Wie mir jetzt scheint – ganz sicher bin ich mir nicht, da ja mein etwas wortkarger Übersetzer ja auch eingeht in diese Betrachtung – fehlen hier überhaupt die vielen kleinen Zuwendungen und Aufmerksamkeiten, die bei uns bereits teilweise zu Automatismen verfestigt bis verkommen sind.
Ein ‚Guten Morgen’ oder ‚Gut geschlafen?’ sind für uns so selbstverständlich wie ‚Einen guten Appetit’, ‚Gute Nacht’ oder ein ‚Zum Wohl’, wenn jemand nießt.
Auch herzliche ‚Bitte’ oder ‚Danke’s sind zumindest für mich unverzichtbare und ständig gebrauchte Kommunikations- Formeln.
Hier wird maximal mit ‚Salaam’ begrüßt, wobei fallweise zum Händeschütteln die Schultern zueinander geführt werden, was für mich auch keiner herzlichen Geste, sondern eher einem ‚Schulter-drück-Bewerb’ gleicht.
Auch vermeiden die Äthiopier jegliche Verneinungen. Wenn jemand etwas gefragt wird, was er nicht weiß, tut er eher so als habe er nichts gehört als zu sagen ‚Tut mir leid, ich bin selber hier Kunde’ oder etwas ähnliches.
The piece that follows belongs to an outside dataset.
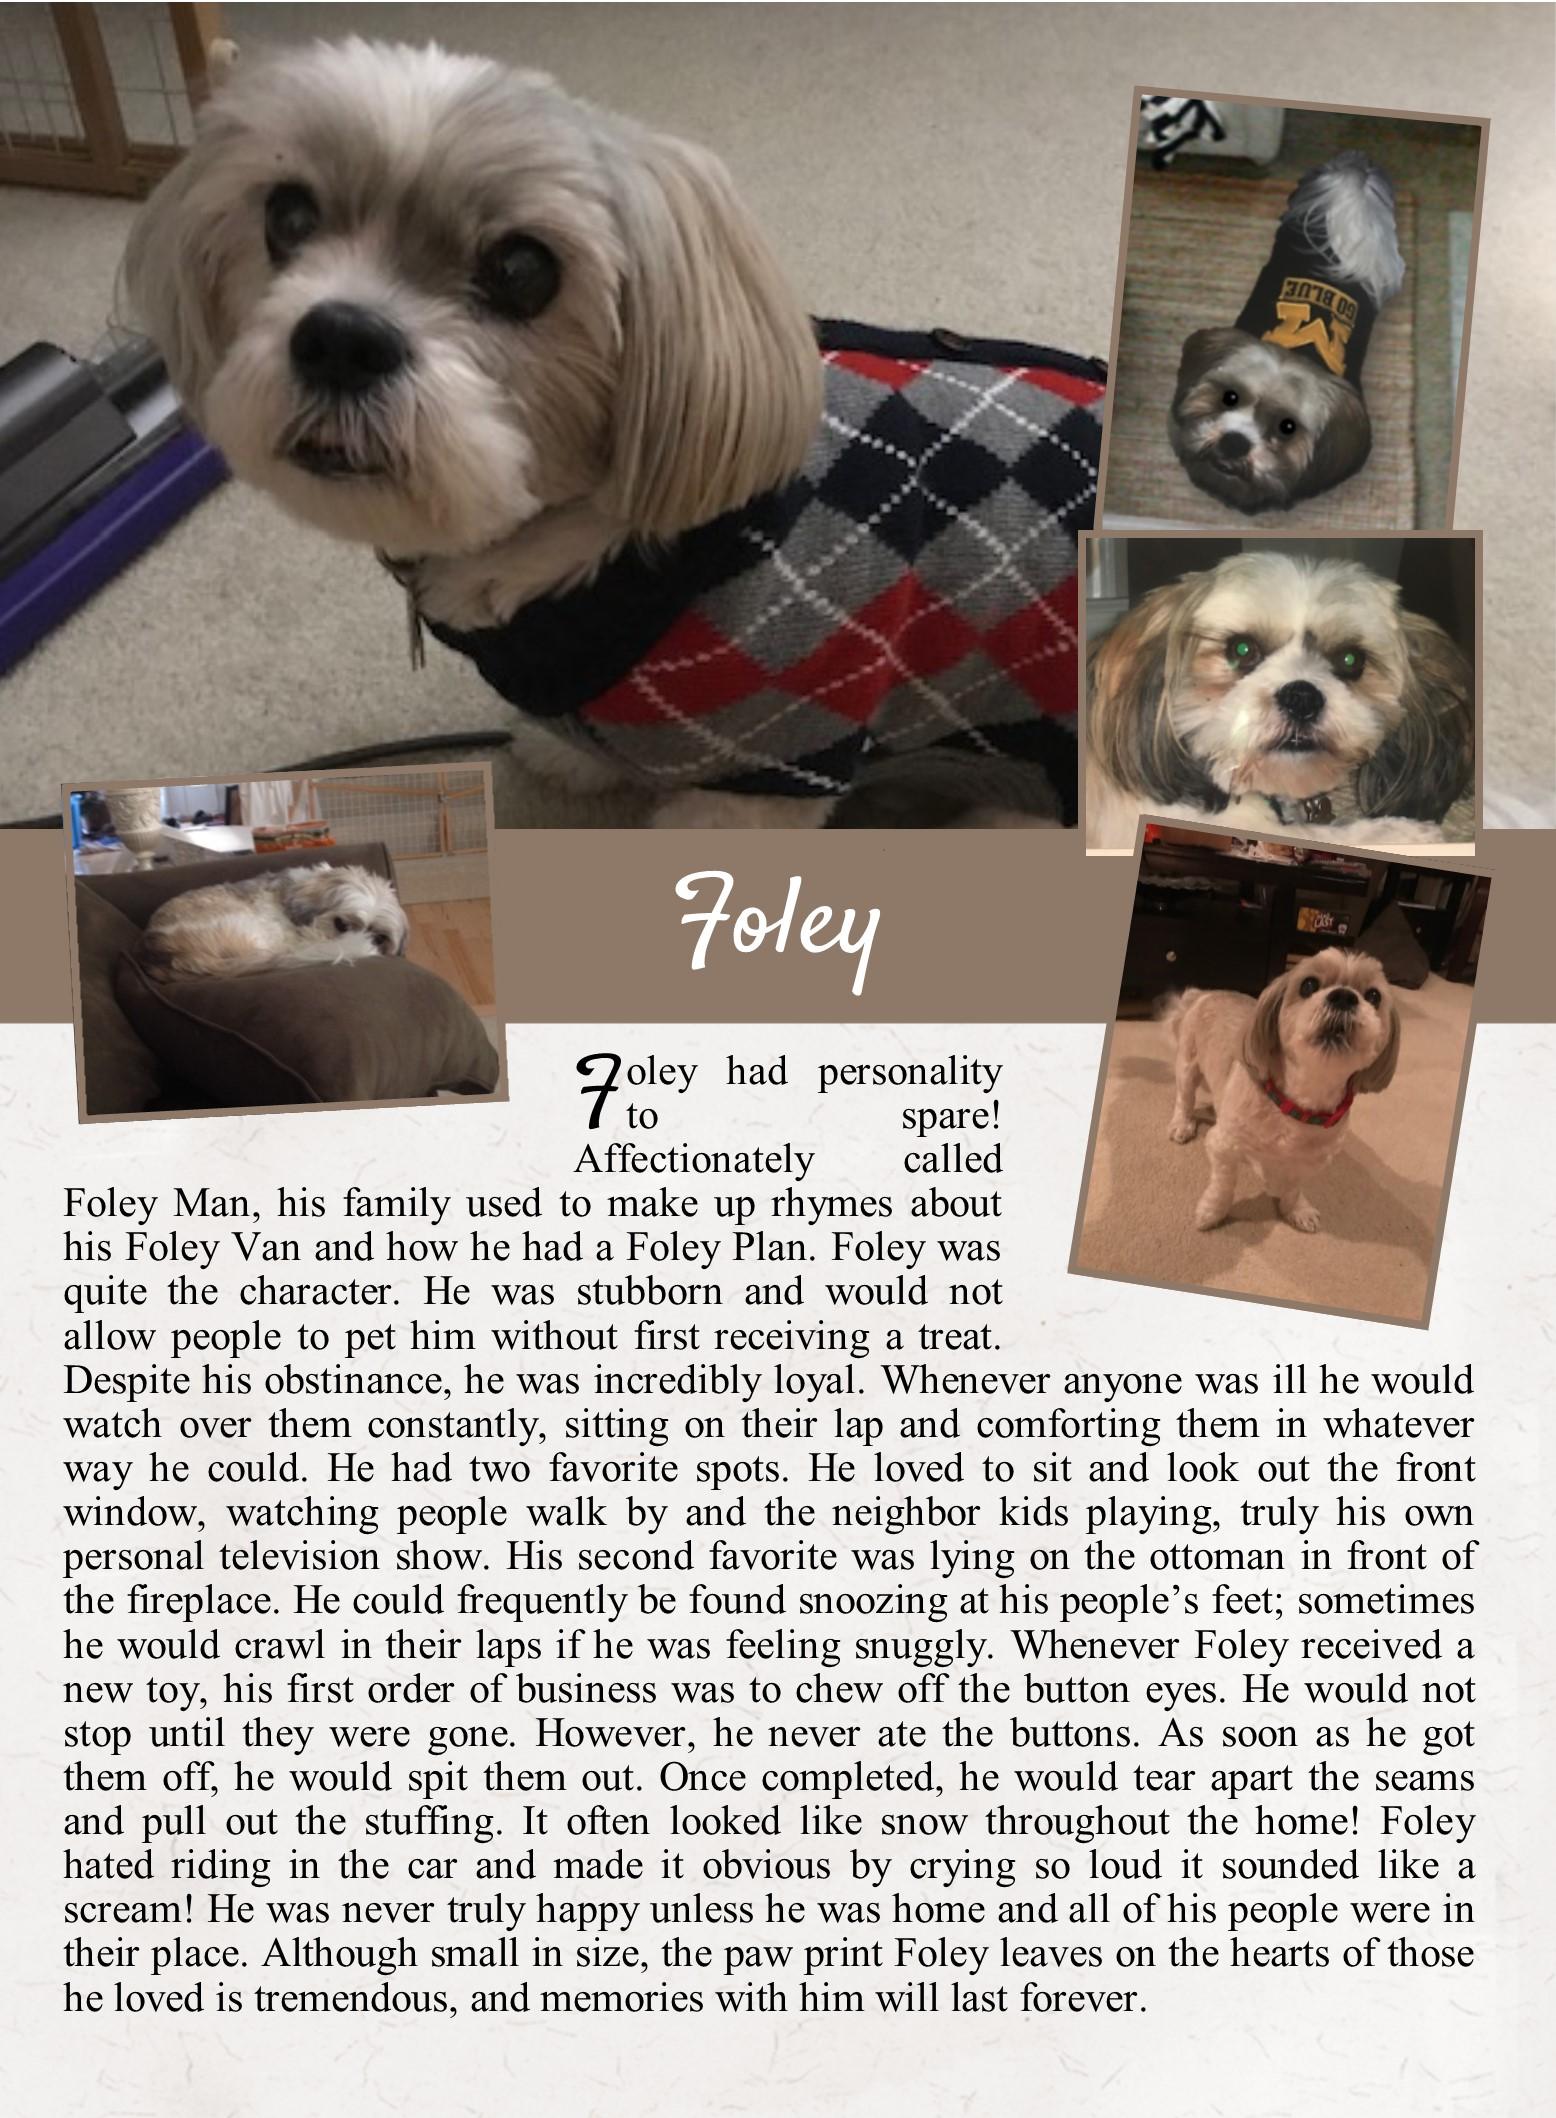 Foley's Life Tail

Was zu dem Thema noch gehört und eher umgekehrt abläuft ist der Weißen- Bonus, den man hier hat. Jeder ruft einem irgendetwas zu, winkt einem, will einem die Hand schütteln und die Kinder stürzen sich überhaupt scharenweise auf die ‚Ferencies’ …
Da frag ich mich schon, warum man das nicht mit allen Menschen macht. Jeder ist doch etwas Besonderes, jemand Einzigartiger.
So schön unsere vielen verbalen Zuwendungen sind so schön wäre es doch auch, jedermensch herzlich willkommen zu heißen, neugierig auf ihn zu sein, ihm das Gefühl, etwas Besonderes zu sein, zu geben …
– Oder ihn zumindest anzulachen und sich zu freuen, dass auch er da ist, sein Leben leben kann und uns das unsrige bereichern könnte …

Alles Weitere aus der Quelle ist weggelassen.